When the back-to-back Lawrence Phillips and Aaron Hernandez stories broke this month, my first thought was the standard one many of you probably had: Why do these guys who have everything--money, fame, talent, girls--throw it away? How difficult can it be to not murder, deal drugs, beat women or intentionally run over teenagers, especially when the benefit of abstaining from such behaviors is the chance to lead a lifestyle that 99.99 percent of the world can only fantasize about?
But then, as a college football fan, I started thinking about the schools where these guys honed their talents. A big part of following a college team is keeping up with our favorite players at the next level. That's why so many Tennessee fans pull for the Broncos on Sundays, and Michigan fans for New England. When guys who played for our college team succeed in the NFL, and especially when they exemplify class and humility in doing so, a sense of pride infuses us that, while different from the feeling we get watching current players triumph, still makes us feel good about wearing that t-shirt out to Applebee's.
But what about those players who don't do the right things, don't make the papers for the right reasons, don't reflect well on the program we expend so much energy backing every autumn? How do those guys fit into our fandom? Do we pretend they never existed or played for our school? Forget about the years we spent cheering for them? Make self-deprecating jokes at our team's expense? (I've heard some great ones from Florida fans already.)
I can still remember picking up the Knoxville newspaper one morning in 2003 and shuddering when I read the bold, 72-point headline. Dwayne Goodrich, former UT defensive back best known for a pick-six in the 1998 BCS title game that put the Vols up 14-0 against Florida State, had been arrested for DUI hit-and-run. The accident killed two Good Samaritans. When I browsed the Tennessee message boards later that day, I found dozens of fans trying to disown the guy as a Vol. I understood their anger, but if Goodrich isn't a Vol, then FSU is the 1998 champ, and I doubt most of those fans want to give up the crystal football.
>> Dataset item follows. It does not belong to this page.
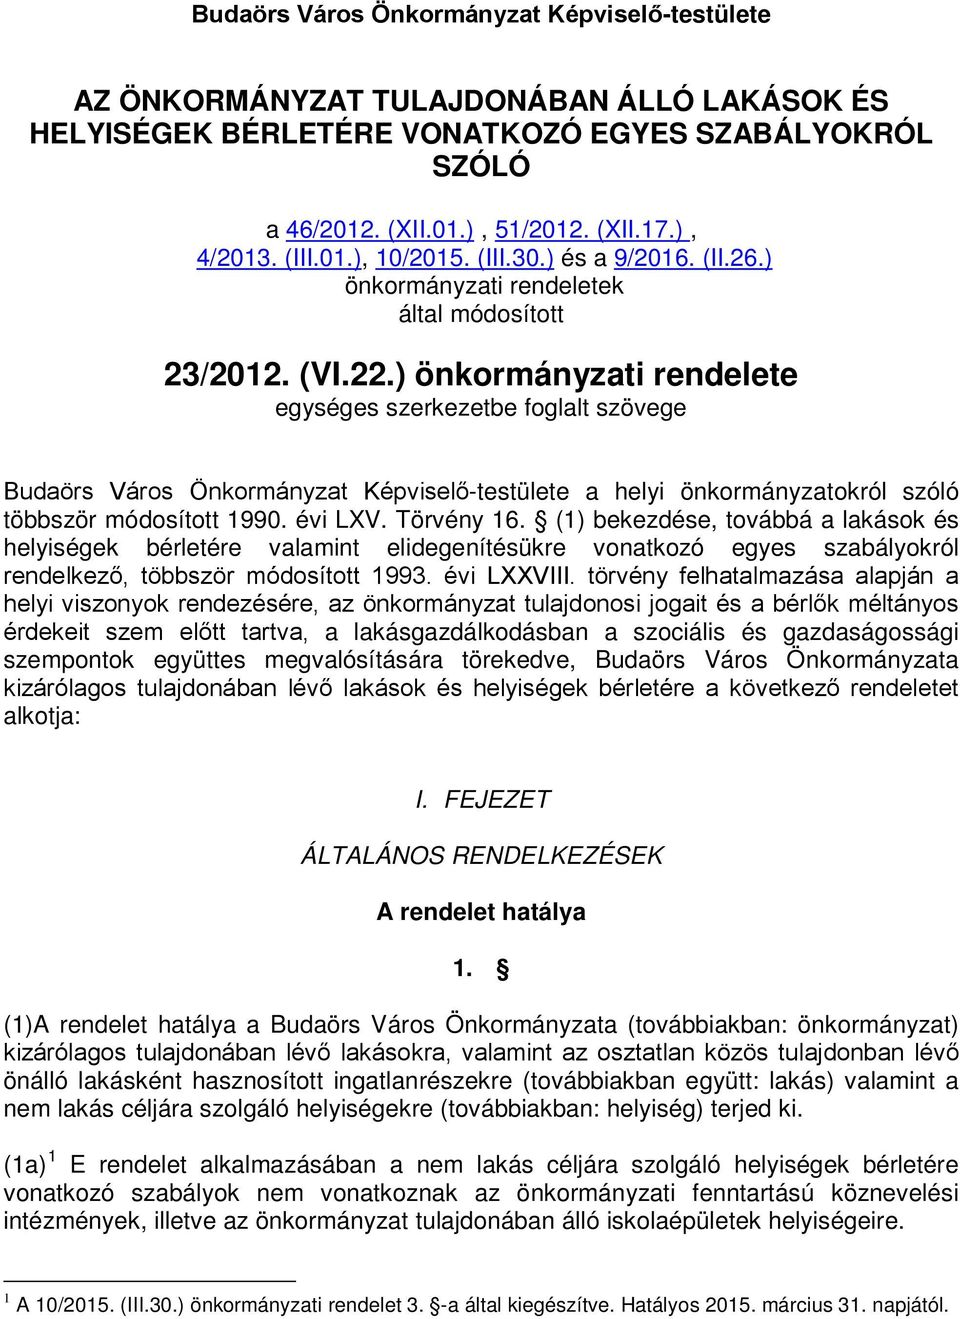 ) önkormányzati rendelete egységes szerkezetbe foglalt szövege Budaörs Város Önkormányzat Képviselő-testülete a helyi önkormányzatokról szóló többször módosított 1990. évi LXV. Törvény 16.
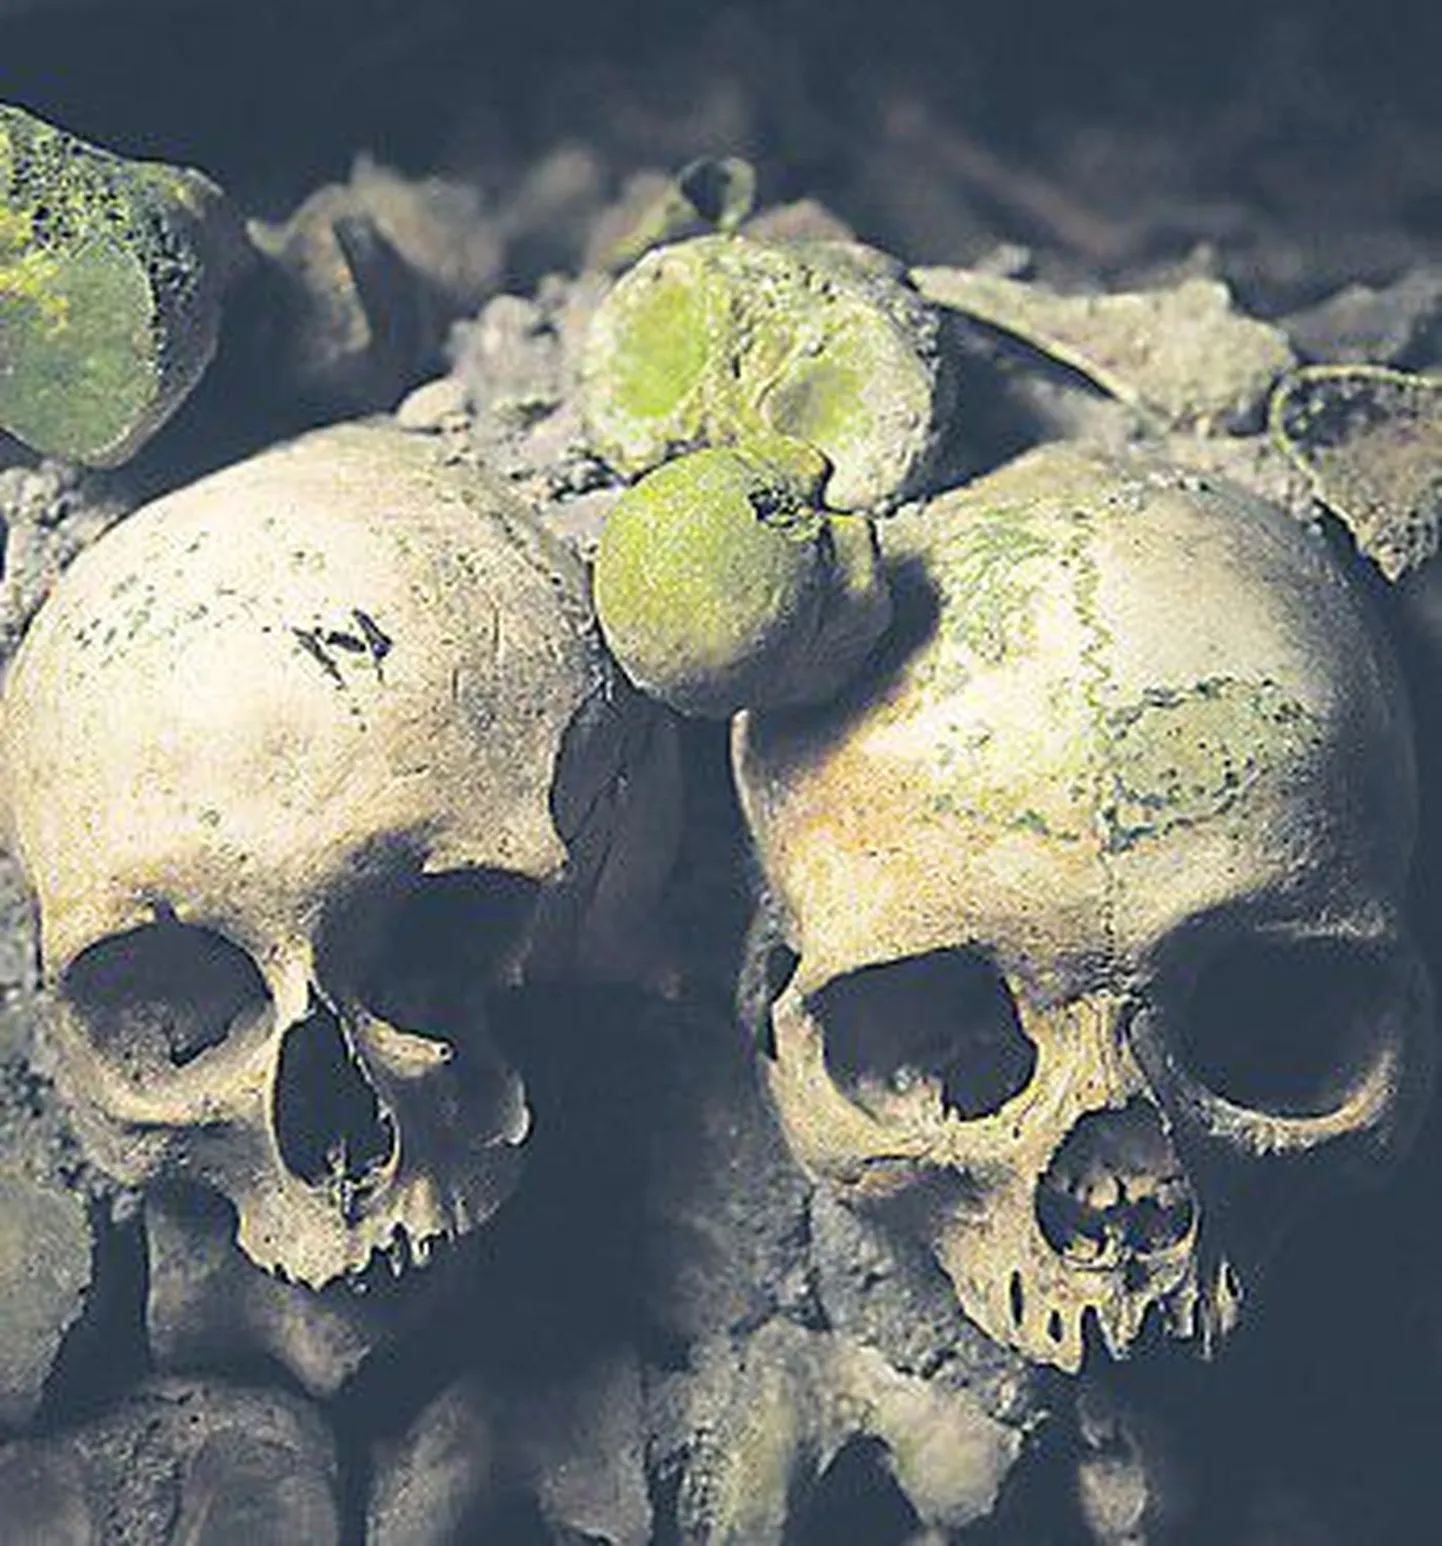 Порошок из человеческих черепов пару столетий назад можно было запросто приобрести в аптеках.

Besides, I'm convinced every program has at least one major pariah, which means you shouldn't be too ashamed of yours. Some are more obvious than others, like the aforementioned Phillips (Nebraska) and Hernandez (Florida). Then there's Southern Cal, which had a Heisman Trophy winner from 1968 dominate the news during the '90s for some unsavory stuff. (Hint: his initials are also those of a popular breakfast drink.)
Rae Carruth from Colorado is another gimme. Buffs fans can scour the annals, but I doubt they find an example that tops putting a hit on a pregnant girlfriend. Ditto for Cal's Robert Rozier, who admitted to killing seven people in 1985 as part of a cult initiation.
But some examples are more nebulous. For instance, is Michael Vick the guy for Virginia Tech? He did some awful stuff, but then he served his time, stayed out of trouble, and, by some estimates, saved more dogs through his awareness efforts than he harmed/killed during his dogfighting days.
What about Ray Lewis from Miami, indicted for double homicide in 2000? A prosecutor dismissed the charges in exchange for a guilty plea for obstruction of justice and testimony against Lewis's cohorts (read: snitching). But the deceased's blood was all over his limo, the white suit he wore that night was never found, and he has stubbornly refused to give the victims' families closure by spilling everything he knows. Seems to me that he should be a shoe-in, but from the fawning I witnessed during 2013 Super Bowl week, a lot of folks around college and pro football disagree.
Even Goodrich from Tennessee is questionable. He killed two people with his carelessness, then dug himself a deeper hole with his foolish and cowardly 20-hour delay before owning up to his mistake. But like Vick, he served his time and seems to have dedicated his life to preventing others from suffering the same fate as his victims.
I could keep going, but there are 127 FBS schools, and I doubt you care who I think is the biggest pariah for each of them. But I'm interested to hear from you. Namely, what school(s) you pull for, and which player(s) you think have brought the most shame. And also, how do you react when people mention that person's name in connection with your school/team?